Na véspera do feriado, foram publicados simultaneamente os dois regulamentos que estruturam o núcleo operacional da reforma tributária do consumo: o Decreto nº 12.955, de 29 de abril de 2026, que regulamenta a CBS, e a Resolução CGIBS nº 6, de 30 de abril de 2026, que regulamenta o IBS. Juntos, os dois diplomas formalizam a arquitetura regulatória desenhada pelo art. 317 da Lei Complementar nº 214/2025 e marcam o início efetivo da contagem do prazo para aplicação das penalidades do novo sistema.
Para compreendê-los corretamente, é indispensável entender por que são dois regulamentos distintos, o que têm em comum e o que os diferencia. É disso que trata este artigo.
1. A arquitetura dual dos regulamentos: CBS e IBS lado a lado
A reforma tributária criou dois tributos sobre bens e serviços que, embora incidentes sobre as mesmas bases econômicas e operações, têm naturezas jurídicas e competências distintas:
- CBS Contribuição Social sobre Bens e Serviços, de competência da União, prevista no art. 195, V, da Constituição Federal, que substituirá PIS e COFINS; e
- IBS Imposto sobre Bens e Serviços, de competência compartilhada dos Estados, Distrito Federal e Municípios, previsto no art. 156-A da Constituição Federal, que substituirá ICMS e ISS.
Por serem tributos gêmeos e duais com fato gerador, base de cálculo, hipóteses de incidência e não incidência, regime de créditos e obrigações acessórias essencialmente idênticos, mas com competências tributárias distintas, a LC 214/2025 estabeleceu, em seu art. 317, a seguinte arquitetura regulatória:
“Art. 317. Compete: I – ao Comitê Gestor do IBS editar o regulamento do IBS; e II – ao Poder Executivo da União editar o regulamento da CBS. § 1º As disposições comuns ao IBS e à CBS, inclusive suas alterações posteriores, serão aprovadas por ato conjunto do Comitê Gestor do IBS e do Poder Executivo da União e constarão, igualmente, do regulamento do IBS e do regulamento da CBS.”
Ou seja: existem dois regulamentos formalmente distintos, cada um editado pela autoridade competente do respectivo tributo.

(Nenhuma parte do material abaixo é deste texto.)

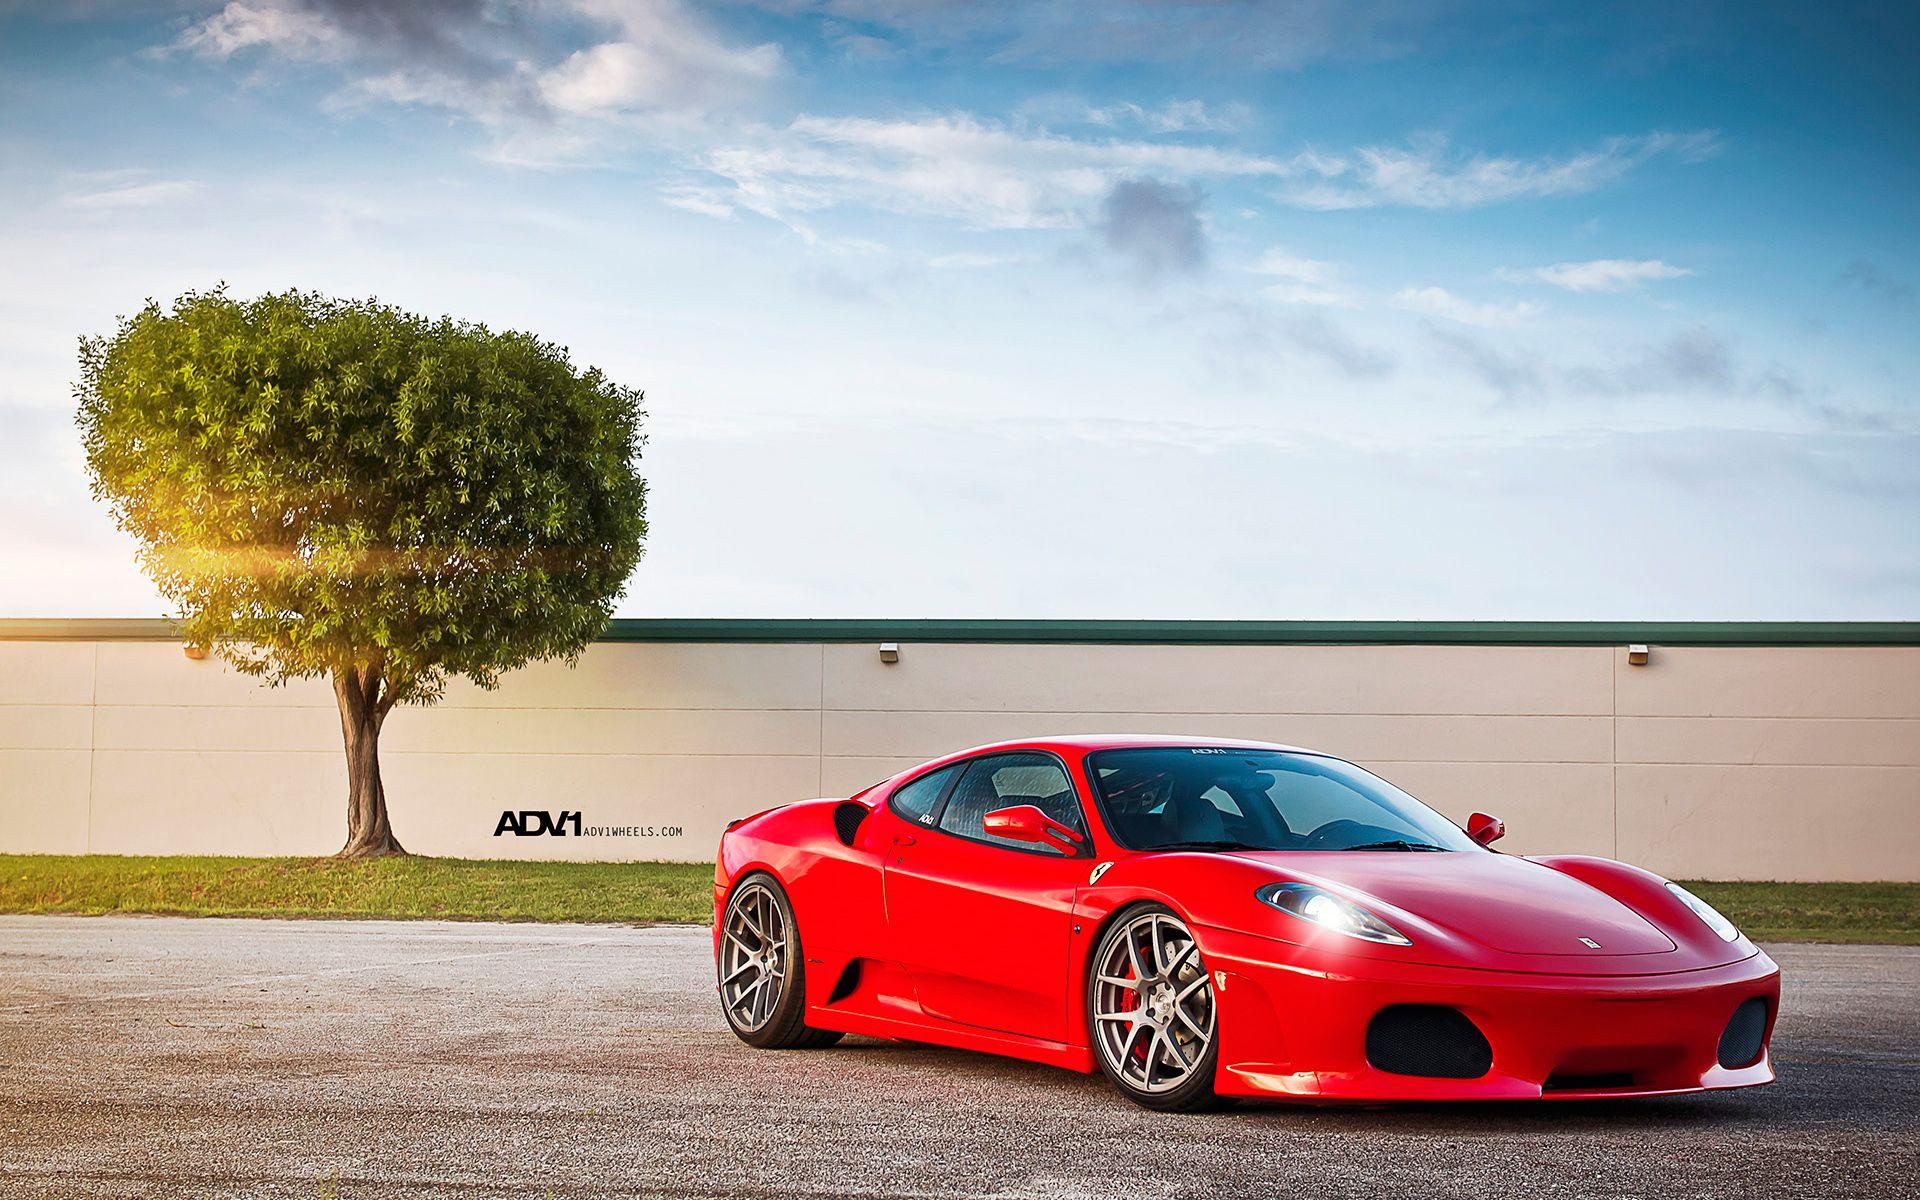 Ferrari F430 by ADV1 Wallpaper. HD Car Wallpaper

Mas as normas comuns a ambos que são a maior parte do conteúdo devem ser aprovadas conjuntamente e constar, de forma idêntica, nos dois diplomas.
O regulamento da CBS: Decreto nº 12.955/2026
O Decreto nº 12.955/2026, assinado pelo Presidente da República com base no art. 84, IV, da Constituição, é o regulamento da CBS. Com mais de 13.000 linhas e dezenas de anexos com listas NCM/SH, ele é o diploma que traduz operacionalmente a LC 214 para fins da contribuição federal.
O regulamento do IBS: Resolução CGIBS nº 6/2026
O regulamento do IBS foi editado pelo Comitê Gestor do Imposto sobre Bens e Serviços (CGIBS), por meio da Resolução CGIBS nº 6, de 30 de abril de 2026, publicada no mesmo dia que o Decreto da CBS. O CGIBS é o ente de natureza especial criado pela Lei Complementar nº 227/2026, com independência técnica, administrativa, orçamentária e financeira, que representa conjuntamente os Estados, o Distrito Federal e os Municípios na gestão compartilhada do IBS.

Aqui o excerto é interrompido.